While he did not parade his wealth, he was a generous and persistent host. Shooting weekends at Conholt and Letterewe were informal and relaxed. The summons to attend — because a rare wild orchid had emerged in a field or he wanted some children to run around the maze — were frequent. Once a science meeting was held for the African Parks Foundation at Conholt, and one of the participants remarked at the very fine wine that was served for what was essentially a business meeting with a group of strangers. Van Vlissingen’s reaction was simple — this was his home and why should he not offer them what he would offer his friends.
Friendship was important to him but it did not always come easily. He could never be trivial; he laughed and joked a great deal (he had a biting sense of humour) but conversations could be very intense.

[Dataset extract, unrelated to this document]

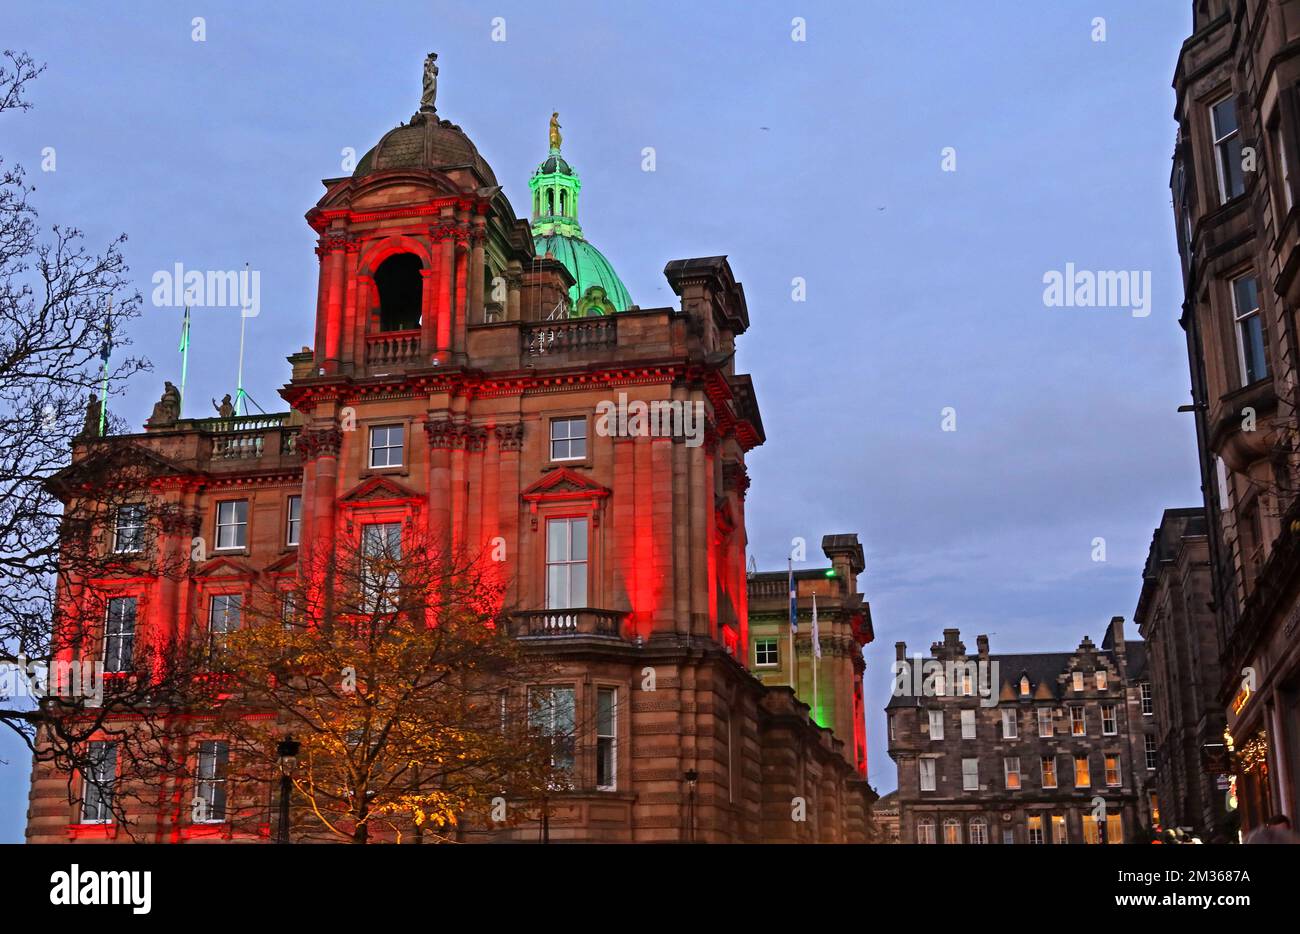 Siège social de la Bank of Scotland, The Mound & Bank Street Skyline, Édimbourg, Lothians, Écosse, Royaume-Uni, EH1 1YZ Banque D'Images

In 2004 he received an honorary degree from the University of Bradford for his contribution to corporate governance and integrity and his unrelenting investment in people of developing countries. He did not approve much of baubles but this award meant much to him because it was a tribute to his work rather than his existence.
He was a significant supporter of the Countryside Alliance and of the Game Conservancy Trust, with much of its innovative work on song birds and shooting estates being researched at Conholt. He was committed to country sports as a necessary and desirable component of a sustainable rural environment. Above all, however, he believed they were a powerful statement of stewardship and a deep bond between man and the natural world.

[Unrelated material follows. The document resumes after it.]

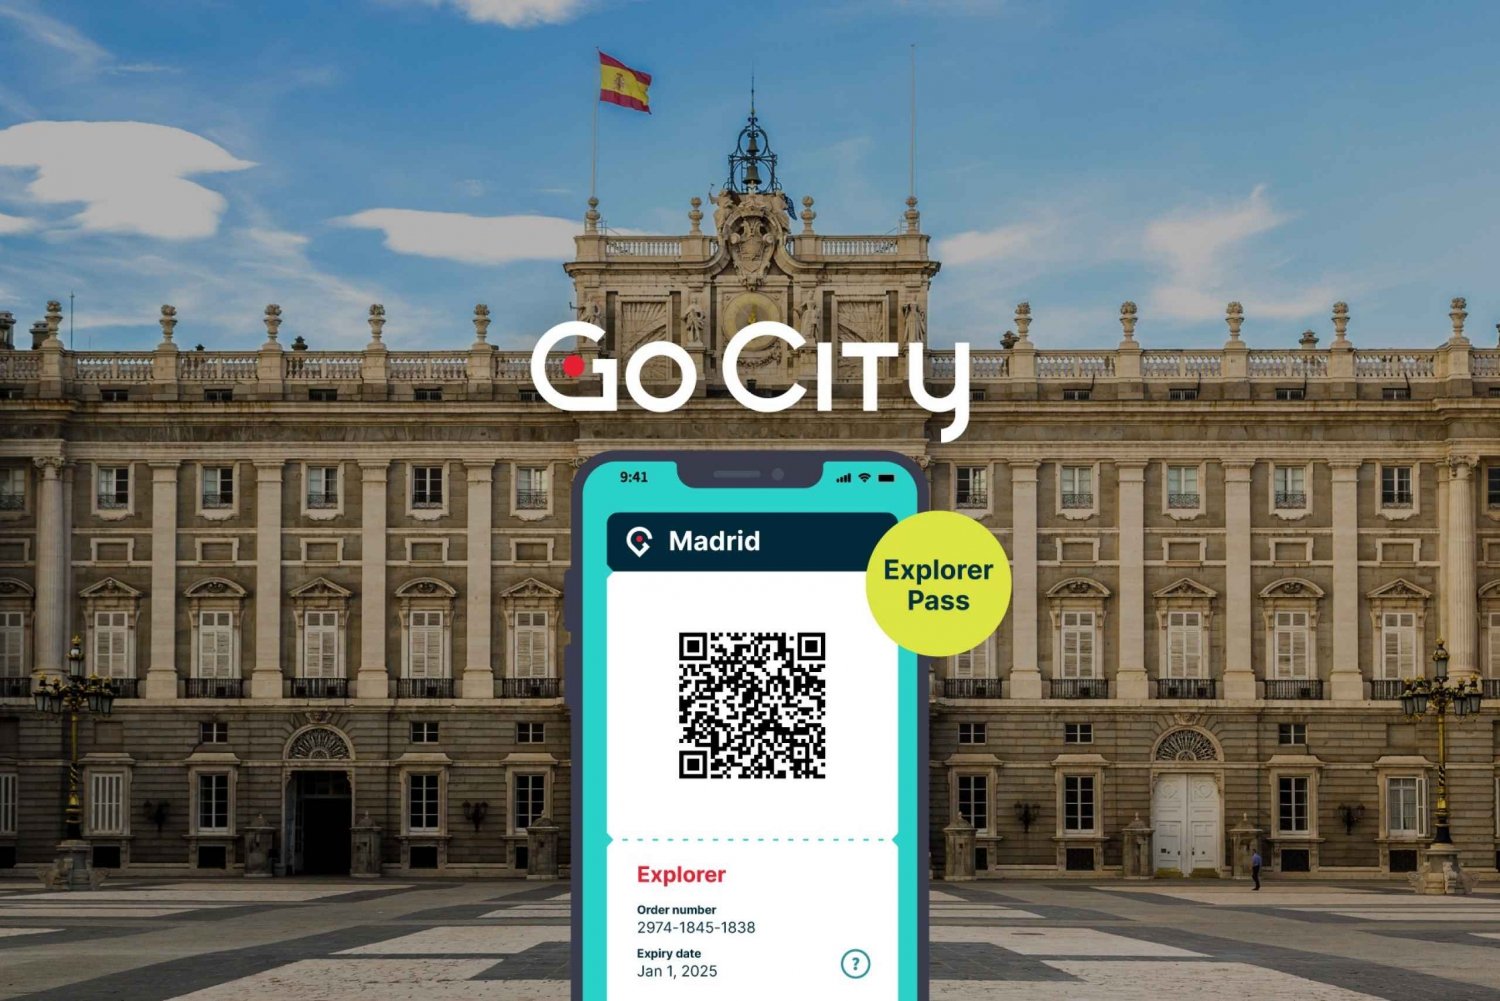 Madryt: Go City Explorer Pass - wybierz od 3 do 7 atrakcji

From the late 1990s Africa and its wildlife were the main focus of his energies. During a meeting with Nelson Mandela, Van Vlissingen suggested that the problem for almost all of Africa’s protected areas was one of management. Mandela challenged him to prove it.
With South African National Parks, Van Vlissingen established a unique partnership in the public-private management of protected areas. But it soon became clear that South Africa could probably do this for itself; it was the rest of the continent that needed help.

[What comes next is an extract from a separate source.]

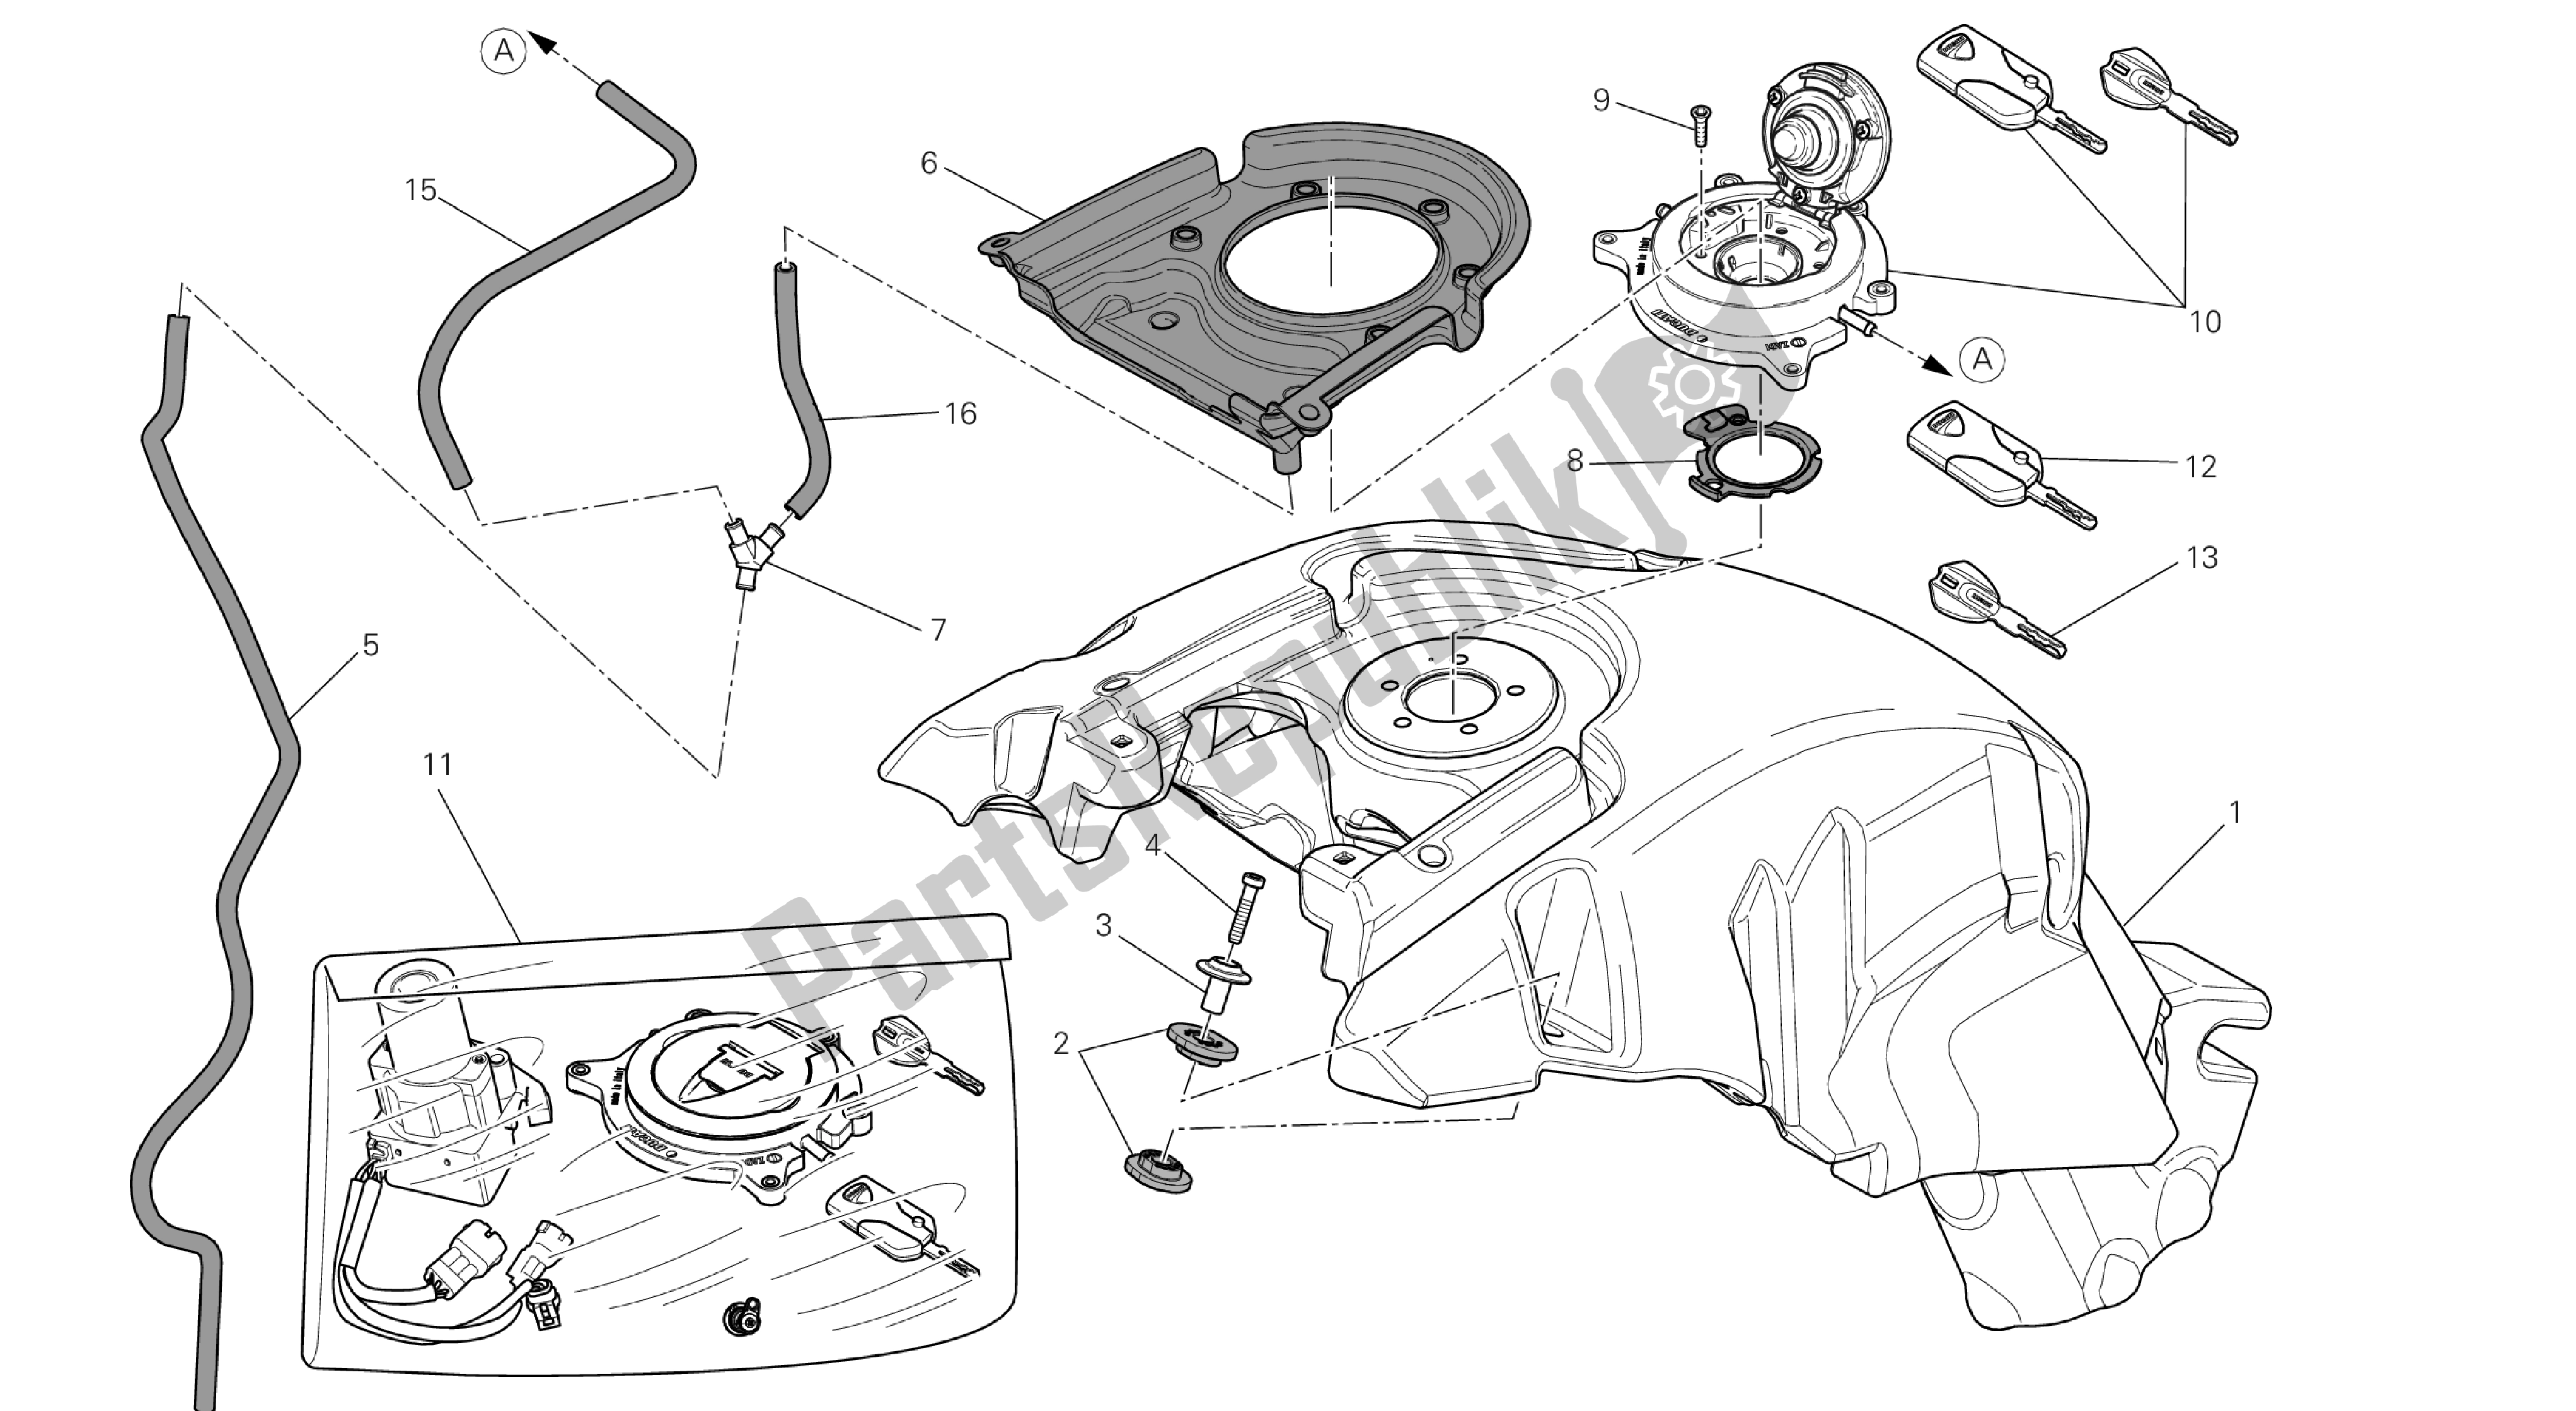 Todas las partes para Dibujo 032 - Tanque De Combustible [mod: D Vl; Xst: C Hn, Thai] Group Fr Ame de Ducati Diavel 1200 2013

The Africa Parks Foundation, funded by him to the tune of an estimated €100 million, was assembled with virtually no management structure and with decisions taken on the ground. Friends were cajoled into service, new friends were found, and his private office staff were suddenly conscripted into running a conservation body.
The foundation now manages protected areas in countries from Zambia to Ethiopia to the Democratic Republic of Congo. Wildlife conservation and sustainable development are treated as two sides of the same coin. Van Vlissingen was committed to ensuring that these places brought direct and lasting benefits to local communities by being their economic engines; providing jobs and entrepreneurial opportunity, not handouts and aid.
After falling ill during a visit to Garamba National Park, DRC, in 2005, Van Vlissingen received a diagnosis of pancreatic cancer early this year. Seeing no point in prolonging his life by a few months while losing the quality of what little time was left, he declined any treatment except pain relief.
He paid farewell visits to Scotland and England, and to Marakele in South Africa, the park which provided the inspiration behind what was to be his last great enterprise, before returning to The Netherlands.
Van Vlissingen was divorced from his first wife. His partner over the next two decades was the art historian and conservationist, Caroline Tisdall. He is survived by her, their two daughters and by his partner, Suzanne Wolff.
Paul van Vlissingen, businessman, philanthropist and conservationist, was born on March 21, 1941. He died on August 21, 2006, aged 65.